1、下载Spark安装包
官网网址:http://spark.apache.org/downloads.html
2、Spark安装过程
2.1、上传并解压缩
[potter@potter2 ~]$ tar -zxvf spark-2.3.0-bin-hadoop2.7.tgz -C apps/
2.2、修改配置文件
(1)进入配置文件所在目录
/home/potter/apps/spark-2.3.0-bin-hadoop2.7/conf
[potter@potter2 conf]$ ll
total 36
-rw-r--r-- 1 potter potter 996 Feb 23 03:42 docker.properties.template
-rw-r--r-- 1 potter potter 1105 Feb 23 03:42 fairscheduler.xml.template
-rw-r--r-- 1 potter potter 2025 Feb 23 03:42 log4j.properties.template
-rw-r--r-- 1 potter potter 7801 Feb 23 03:42 metrics.properties.template
-rw-r--r-- 1 potter potter 865 Feb 23 03:42 slaves.template
-rw-r--r-- 1 potter potter 1292 Feb 23 03:42 spark-defaults.conf.template
-rwxr-xr-x 1 potter potter 4221 Feb 23 03:42 spark-env.sh.template
(2)修改spark-env.sh文件
复制spark-env.sh.template,并重命名为spark-env.sh,并在文件最后添加配置内容
[potter@potter2 conf]$ cp spark-env.sh.template spark-env.sh
[potter@potter2 conf]$ vi spark-env.sh
export JAVA_HOME=/usr/local/java/jdk1.8.0_73
#export SCALA_HOME=/usr/share/scala
export HADOOP_HOME=/home/potter/apps/hadoop-2.7.5
export HADOOP_CONF_DIR=/home/potter/apps/hadoop-2.7.5/etc/hadoop
export SPARK_WORKER_MEMORY=500m
export SPARK_WORKER_CORES=1
export SPARK_DAEMON_JAVA_OPTS="-Dspark.deploy.recoveryMode=ZOOKEEPER -Dspark.deploy.zookeeper.url=potter2:2181,potter3:2181,potter4:2181,potter5:2181 -Dspark.deploy.zookeeper.dir=/spark"

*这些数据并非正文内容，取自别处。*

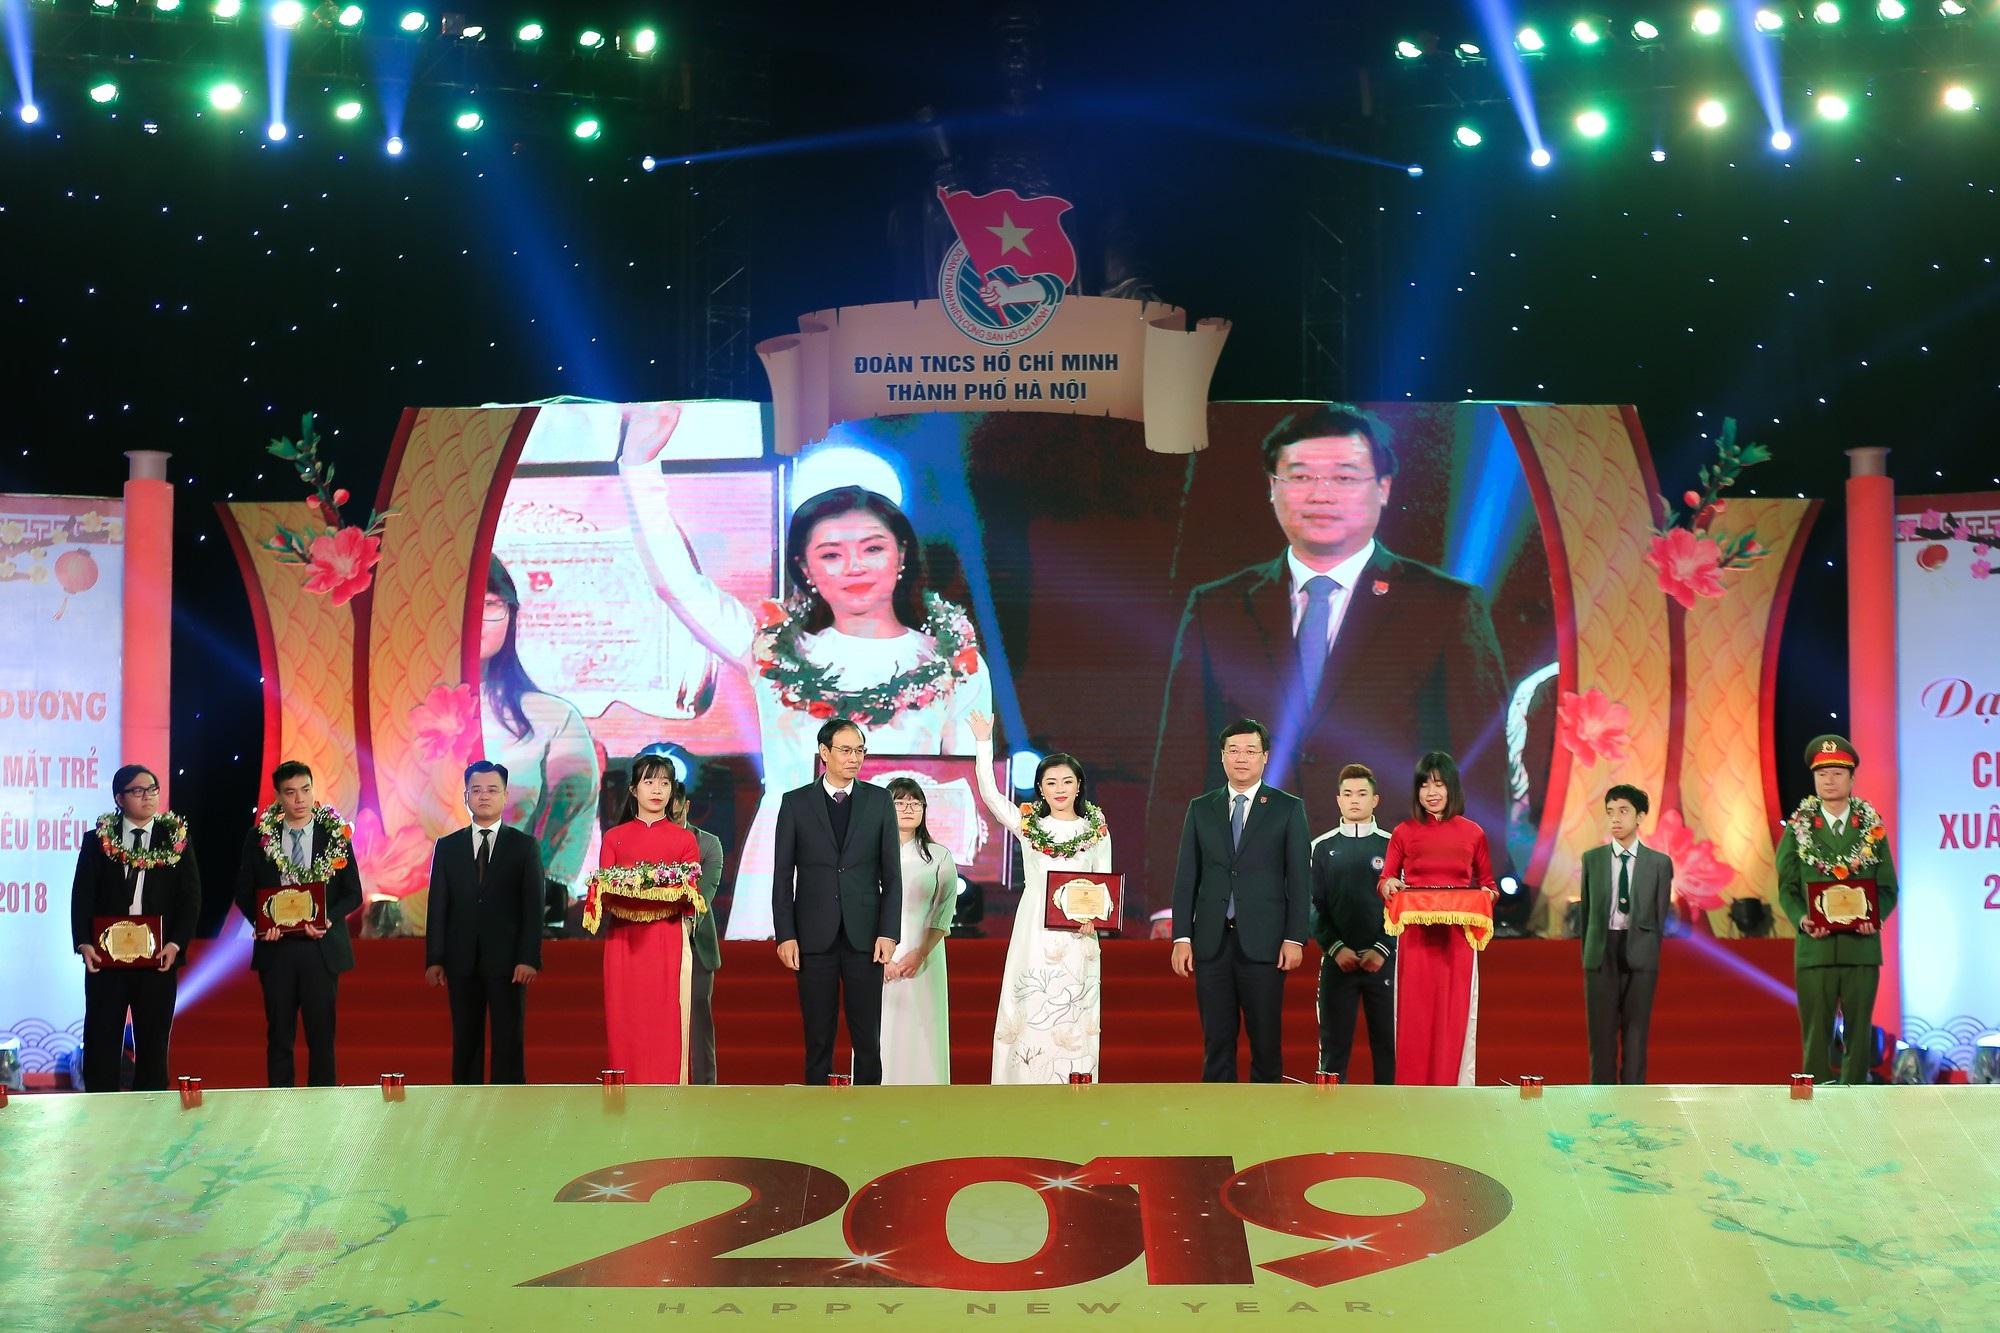 Nguyễn Thu Hằng cùng Quang Hải lọt top 10 gương mặt trẻ tiêu biểu Thủ đô 2018 - Ảnh 5.

注: #export SPARK_MASTER_IP=hadoop1 这个配置要注释掉。 集群搭建时配置的spark参数可能和现在的不一样,主要是考虑个人电脑配置问题,如果memory配置太大,机器运行很慢。 说明: -Dspark.deploy.recoveryMode=ZOOKEEPER #说明整个集群状态是通过zookeeper来维护的,整个集群状态的恢复也是通过zookeeper来维护的。就是说用zookeeper做了spark的HA配置,Master(Active)挂掉的话,Master(standby)要想变成Master(Active)的话,Master(Standby)就要像zookeeper读取整个集群状态信息,然后进行恢复所有Worker和Driver的状态信息,和所有的Application状态信息; -Dspark.deploy.zookeeper.url=potter2:2181,potter3:2181,potter4:2181,potter5:2181#将所有配置了zookeeper,并且在这台机器上有可能做master(Active)的机器都配置进来;(我用了4台,就配置了4台) -Dspark.deploy.zookeeper.dir=/spark 这里的dir和zookeeper配置文件zoo.cfg中的dataDir的区别??? -Dspark.deploy.zookeeper.dir是保存spark的元数据,保存了spark的作业运行状态; zookeeper会保存spark集群的所有的状态信息,包括所有的Workers信息,所有的Applactions信息,所有的Driver信息,如果集群 |
(3)复制slaves.template变成slaves
[potter@potter2 conf]$ cp slaves.template slaves
[potter@potter2 conf]$ vi slaves
添加以下内容:
potter2
potter3
potter4
potter5
(4)将安装包分发给其他节点
[potter@potter2 apps]$ scp -r spark-2.3.0-bin-hadoop2.7/ potter3:$PWD
[potter@potter2 apps]$ scp -r spark-2.3.0-bin-hadoop2.7/ potter4:$PWD
[potter@potter2 apps]$ scp -r spark-2.3.0-bin-hadoop2.7/ potter5:$PWD
2.3、配置环境变量
[potter@potter2 ~]$ vi .bashrc
export SPARK_HOME=/home/potter/apps/spark-2.3.0-bin-hadoop2.7
export PATH=$PATH:$SPARK_HOME/bin
保存并使其立即生效
[potter@potter2 ~]$ source .bashrc
2.4、配置spark-defaults.conf
复制一个spark-defaults.conf文件
[potter@potter2 conf]$ cp spark-defaults.conf.template spark-defaults.conf
[potter@potter2 conf]$ vi spark-defaults.conf
# This is useful for setting default environmental settings.
# Example:
spark.master spark://potter2:7077,potter3:7077,potter4:7077,potter5:7077
# spark.eventLog.enabled true
# spark.eventLog.dir hdfs://namenode:8021/directory
# spark.serializer org.apache.spark.serializer.KryoSerializer
# spark.driver.memory 5g
# spark.executor.extraJavaOptions -XX:+PrintGCDetails -Dkey=value -Dnumbers="one two three"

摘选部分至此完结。